Prosedur pengamanan seorang kepala negara yang selama ini dipahami sebagai prosedur pengamanan individu yang paling ketat, bukan menjadi halangan dan tidak menyurutkan langkah sang presiden untuk dekat, secara fisik, dengan rakyatnya. Anggota pengaman presiden yang sudah paham betul dengan sifat dan kebiasaan Presiden Jokowi pun, sudah memaklumi dan memahaminya. Dan secara profesional, para pengawal dan pengaman presiden ini menyesuaikan diri dan membantu semaksimal mungkin mewujudkan keinginan dan kebiasaan Presiden Jokowi.

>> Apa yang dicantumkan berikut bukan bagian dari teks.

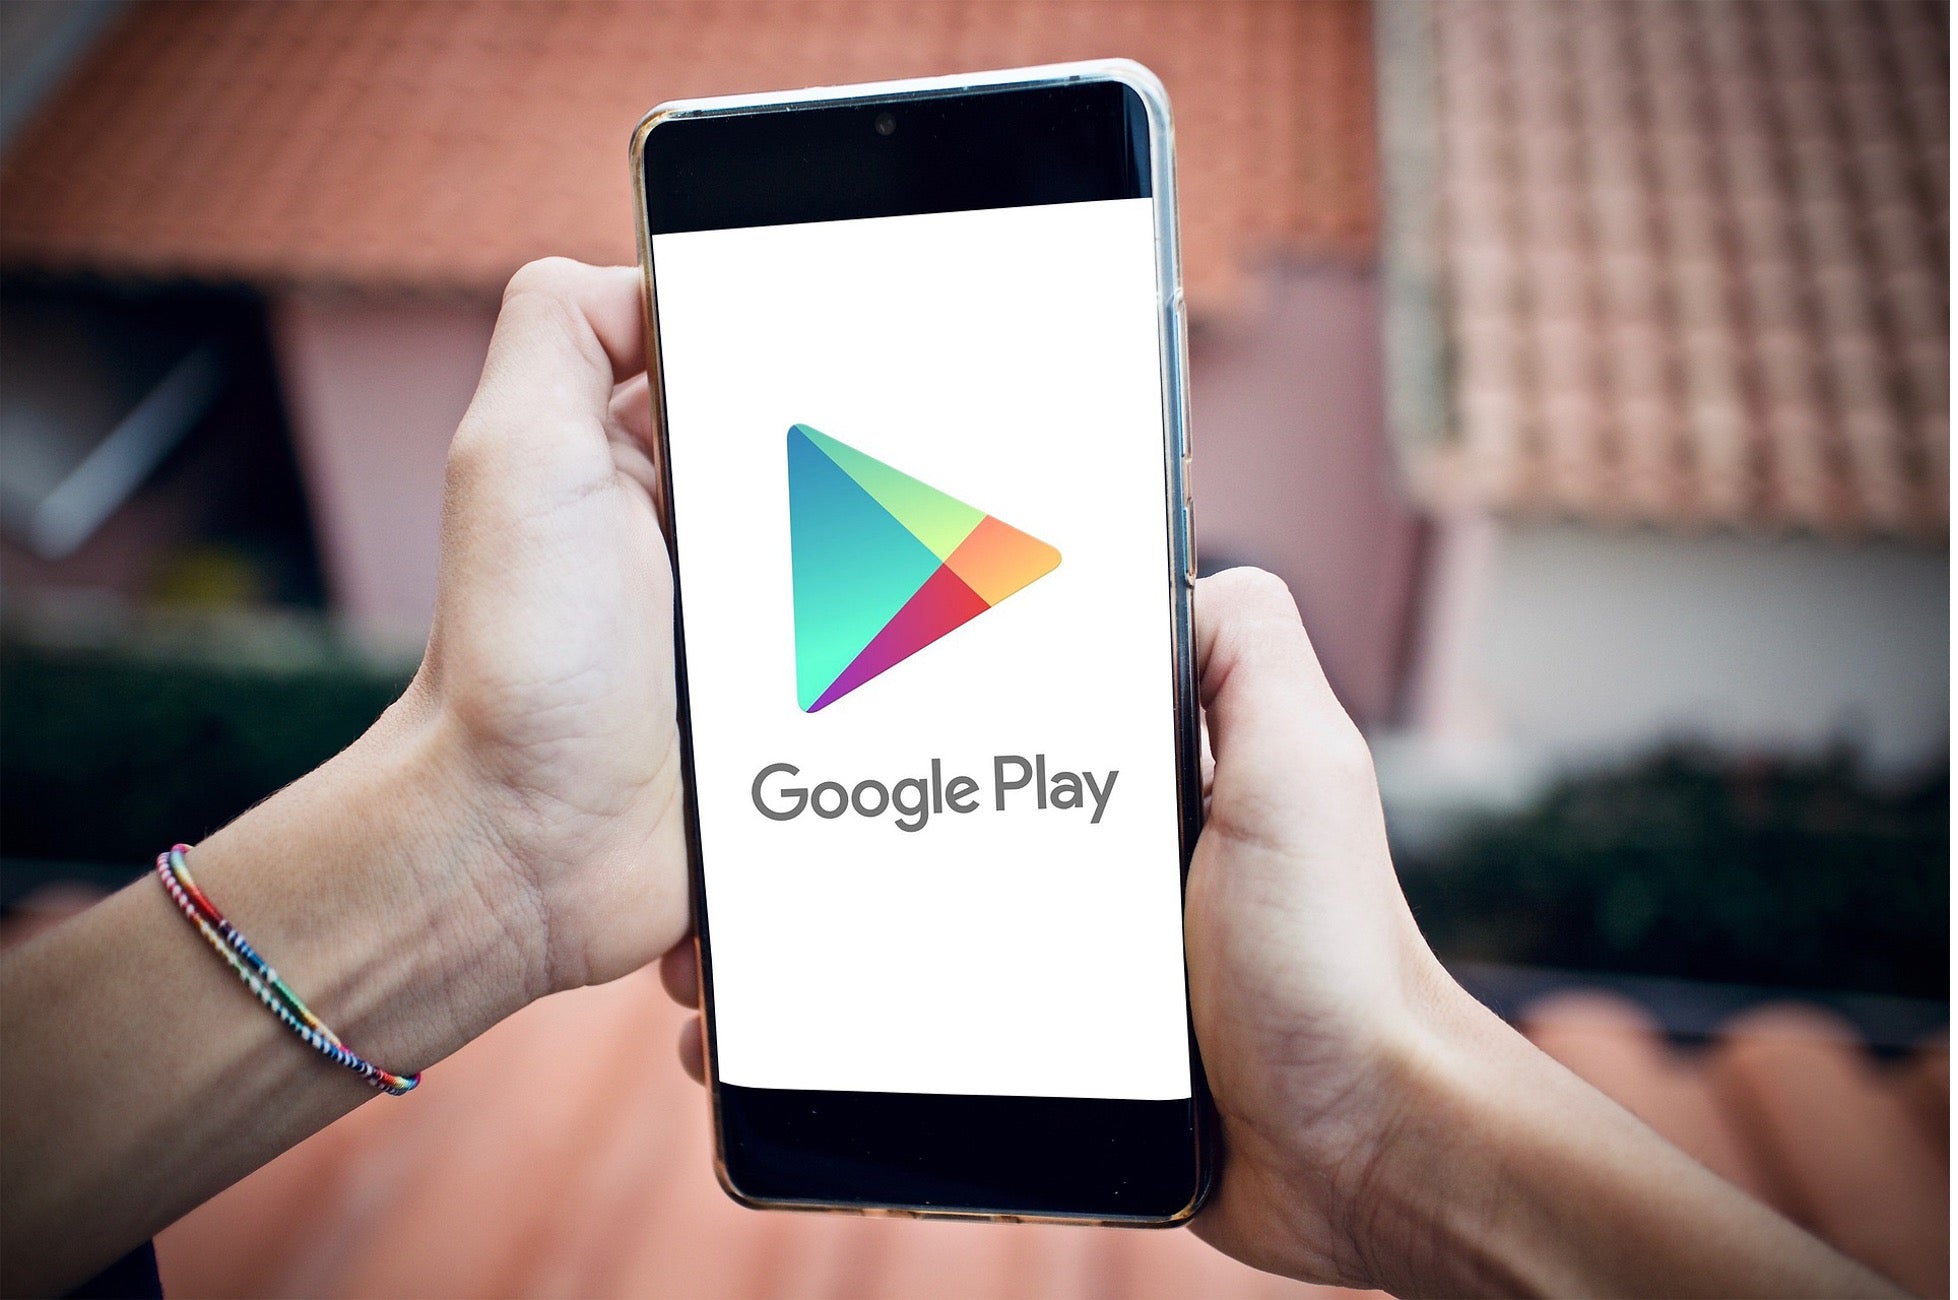 Free Redeem Code App, Google Play Gift Card Earning App 2022

Seperti tidak ingin kesan mendalam masyarakat yang berjumpa dengan dirinya berlalu begitu saja, Presiden Jokowi juga memiliki kebiasaan membagikan oleh – oleh kepada anak – anak dan orang dewasa yang dijumpainya. Kebiasaan yang sudah dilakukannya sebelum menjabat sebagai orang nomor satu di negeri ini.

Sejak menjabat sebagai gubernur DKI, Jokowi kerap membagikan buah tangan untuk anak – anak yang berada di daerah kunjungan atau blusukannya berupa buku tulis. Buku tulis yang kerap memenuhi bagasi mobil dinasnya, dibagikan langsung dari tangan presiden kepada anak – anak yang mengelilinginya.

Hanya anak – anak yang diperbolehkan menerimanya. Orang dewasa dapat memiliki buah tangan lain yang juga kadang dibagikan oleh presiden, seperti baju kaos. Ada yang mendapat 4 atau 5 buku tulis per anak, atau bahkan lebih. Setiap anak pasti merasa senang dan bangga mendapatkan oleh – oleh buku tulis dari presidennya.

Selain diberikan langsung oleh presiden, buku – buku tulis tersebut menjadi lebih istimewa karena di buku tersebut juga terdapat pesan – pesan sarat makna yang dipesankan oleh sang presiden. Beberapa di antaranya pesan berikut: “Membacalah dan bangsa ini akan terhindar dari buta karena ketidaktahuan. Oleh Joko Widodo” “Beli duku sama Bang Muin. Sekolah dulu baru main. Ayo anak-anak rajin belajar. Kan udah ada Kartu Jakarta Pintar” Pesan – pesan tersebut ditulis oleh Presiden Jokowi diilhami pengalaman pribadi yang dialaminya semasa kecil, usia sekolah hingga saat ini menduduki posisi dan jabatan tertinggi di pemerintahan negara.